** RECORDED DATA follows **

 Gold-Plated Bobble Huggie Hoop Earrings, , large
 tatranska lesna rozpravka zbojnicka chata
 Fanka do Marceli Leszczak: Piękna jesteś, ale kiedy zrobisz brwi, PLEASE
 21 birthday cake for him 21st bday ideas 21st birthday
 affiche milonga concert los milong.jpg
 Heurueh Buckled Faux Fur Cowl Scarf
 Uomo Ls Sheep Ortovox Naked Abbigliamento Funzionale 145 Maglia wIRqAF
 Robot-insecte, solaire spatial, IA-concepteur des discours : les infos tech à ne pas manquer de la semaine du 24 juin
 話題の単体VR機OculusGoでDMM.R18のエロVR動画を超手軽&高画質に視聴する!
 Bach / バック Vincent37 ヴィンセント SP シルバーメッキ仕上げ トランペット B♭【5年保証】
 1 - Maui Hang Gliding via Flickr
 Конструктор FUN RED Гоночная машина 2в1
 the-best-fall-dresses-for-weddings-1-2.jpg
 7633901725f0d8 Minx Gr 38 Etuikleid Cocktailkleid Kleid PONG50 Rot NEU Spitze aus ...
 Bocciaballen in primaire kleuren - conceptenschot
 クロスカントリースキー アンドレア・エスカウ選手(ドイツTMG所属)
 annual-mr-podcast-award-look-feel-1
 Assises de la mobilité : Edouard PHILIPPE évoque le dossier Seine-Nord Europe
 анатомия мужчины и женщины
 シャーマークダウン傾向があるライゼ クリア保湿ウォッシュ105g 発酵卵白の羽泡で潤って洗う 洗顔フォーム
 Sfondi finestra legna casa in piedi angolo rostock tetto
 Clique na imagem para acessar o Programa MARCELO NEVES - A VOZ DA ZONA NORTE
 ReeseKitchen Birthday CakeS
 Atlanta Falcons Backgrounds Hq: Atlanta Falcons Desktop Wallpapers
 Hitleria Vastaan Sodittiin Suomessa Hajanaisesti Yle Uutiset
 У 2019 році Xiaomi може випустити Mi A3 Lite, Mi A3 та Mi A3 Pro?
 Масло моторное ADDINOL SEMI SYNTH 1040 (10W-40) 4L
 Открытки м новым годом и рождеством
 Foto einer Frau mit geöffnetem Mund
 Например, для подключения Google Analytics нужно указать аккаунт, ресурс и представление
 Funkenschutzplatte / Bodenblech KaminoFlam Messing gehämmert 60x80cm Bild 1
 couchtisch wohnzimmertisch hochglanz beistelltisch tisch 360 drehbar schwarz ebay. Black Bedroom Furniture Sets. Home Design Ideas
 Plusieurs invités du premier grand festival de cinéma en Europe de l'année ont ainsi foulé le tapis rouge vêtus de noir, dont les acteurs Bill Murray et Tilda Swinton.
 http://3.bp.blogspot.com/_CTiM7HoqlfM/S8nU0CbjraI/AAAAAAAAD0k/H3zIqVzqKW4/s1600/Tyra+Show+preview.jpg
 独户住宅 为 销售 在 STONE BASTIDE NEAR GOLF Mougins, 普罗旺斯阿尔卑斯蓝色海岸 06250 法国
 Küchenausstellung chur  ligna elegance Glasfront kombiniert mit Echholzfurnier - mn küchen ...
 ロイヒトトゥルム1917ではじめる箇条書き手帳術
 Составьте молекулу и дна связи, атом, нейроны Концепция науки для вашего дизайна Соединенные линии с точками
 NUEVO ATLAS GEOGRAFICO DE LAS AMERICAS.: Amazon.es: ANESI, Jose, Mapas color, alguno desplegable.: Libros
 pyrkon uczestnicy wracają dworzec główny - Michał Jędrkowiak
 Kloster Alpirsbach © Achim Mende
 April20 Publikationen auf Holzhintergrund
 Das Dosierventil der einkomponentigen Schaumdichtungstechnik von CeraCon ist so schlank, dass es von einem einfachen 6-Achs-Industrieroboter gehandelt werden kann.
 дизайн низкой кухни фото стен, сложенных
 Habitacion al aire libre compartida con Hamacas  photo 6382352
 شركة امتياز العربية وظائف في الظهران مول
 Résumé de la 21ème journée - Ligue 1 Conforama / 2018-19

** End of RECORDED DATA **

■ ABOUT THIS EXERCISE ■
Transcribe the records in full, so that each line reads exactly as before.

■ SOLUTION TO THIS TASK ■
 Gold-Plated Bobble Huggie Hoop Earrings, , large
 tatranska lesna rozpravka zbojnicka chata
 Fanka do Marceli Leszczak: Piękna jesteś, ale kiedy zrobisz brwi, PLEASE
 21 birthday cake for him 21st bday ideas 21st birthday
 affiche milonga concert los milong.jpg
 Heurueh Buckled Faux Fur Cowl Scarf
 Uomo Ls Sheep Ortovox Naked Abbigliamento Funzionale 145 Maglia wIRqAF
 Robot-insecte, solaire spatial, IA-concepteur des discours : les infos tech à ne pas manquer de la semaine du 24 juin
 話題の単体VR機OculusGoでDMM.R18のエロVR動画を超手軽&高画質に視聴する!
 Bach / バック Vincent37 ヴィンセント SP シルバーメッキ仕上げ トランペット B♭【5年保証】
 1 - Maui Hang Gliding via Flickr
 Конструктор FUN RED Гоночная машина 2в1
 the-best-fall-dresses-for-weddings-1-2.jpg
 7633901725f0d8 Minx Gr 38 Etuikleid Cocktailkleid Kleid PONG50 Rot NEU Spitze aus ...
 Bocciaballen in primaire kleuren - conceptenschot
 クロスカントリースキー アンドレア・エスカウ選手(ドイツTMG所属)
 annual-mr-podcast-award-look-feel-1
 Assises de la mobilité : Edouard PHILIPPE évoque le dossier Seine-Nord Europe
 анатомия мужчины и женщины
 シャーマークダウン傾向があるライゼ クリア保湿ウォッシュ105g 発酵卵白の羽泡で潤って洗う 洗顔フォーム
 Sfondi finestra legna casa in piedi angolo rostock tetto
 Clique na imagem para acessar o Programa MARCELO NEVES - A VOZ DA ZONA NORTE
 ReeseKitchen Birthday CakeS
 Atlanta Falcons Backgrounds Hq: Atlanta Falcons Desktop Wallpapers
 Hitleria Vastaan Sodittiin Suomessa Hajanaisesti Yle Uutiset
 У 2019 році Xiaomi може випустити Mi A3 Lite, Mi A3 та Mi A3 Pro?
 Масло моторное ADDINOL SEMI SYNTH 1040 (10W-40) 4L
 Открытки м новым годом и рождеством
 Foto einer Frau mit geöffnetem Mund
 Например, для подключения Google Analytics нужно указать аккаунт, ресурс и представление
 Funkenschutzplatte / Bodenblech KaminoFlam Messing gehämmert 60x80cm Bild 1
 couchtisch wohnzimmertisch hochglanz beistelltisch tisch 360 drehbar schwarz ebay. Black Bedroom Furniture Sets. Home Design Ideas
 Plusieurs invités du premier grand festival de cinéma en Europe de l'année ont ainsi foulé le tapis rouge vêtus de noir, dont les acteurs Bill Murray et Tilda Swinton.
 http://3.bp.blogspot.com/_CTiM7HoqlfM/S8nU0CbjraI/AAAAAAAAD0k/H3zIqVzqKW4/s1600/Tyra+Show+preview.jpg
 独户住宅 为 销售 在 STONE BASTIDE NEAR GOLF Mougins, 普罗旺斯阿尔卑斯蓝色海岸 06250 法国
 Küchenausstellung chur  ligna elegance Glasfront kombiniert mit Echholzfurnier - mn küchen ...
 ロイヒトトゥルム1917ではじめる箇条書き手帳術
 Составьте молекулу и дна связи, атом, нейроны Концепция науки для вашего дизайна Соединенные линии с точками
 NUEVO ATLAS GEOGRAFICO DE LAS AMERICAS.: Amazon.es: ANESI, Jose, Mapas color, alguno desplegable.: Libros
 pyrkon uczestnicy wracają dworzec główny - Michał Jędrkowiak
 Kloster Alpirsbach © Achim Mende
 April20 Publikationen auf Holzhintergrund
 Das Dosierventil der einkomponentigen Schaumdichtungstechnik von CeraCon ist so schlank, dass es von einem einfachen 6-Achs-Industrieroboter gehandelt werden kann.
 дизайн низкой кухни фото стен, сложенных
 Habitacion al aire libre compartida con Hamacas  photo 6382352
 شركة امتياز العربية وظائف في الظهران مول
 Résumé de la 21ème journée - Ligue 1 Conforama / 2018-19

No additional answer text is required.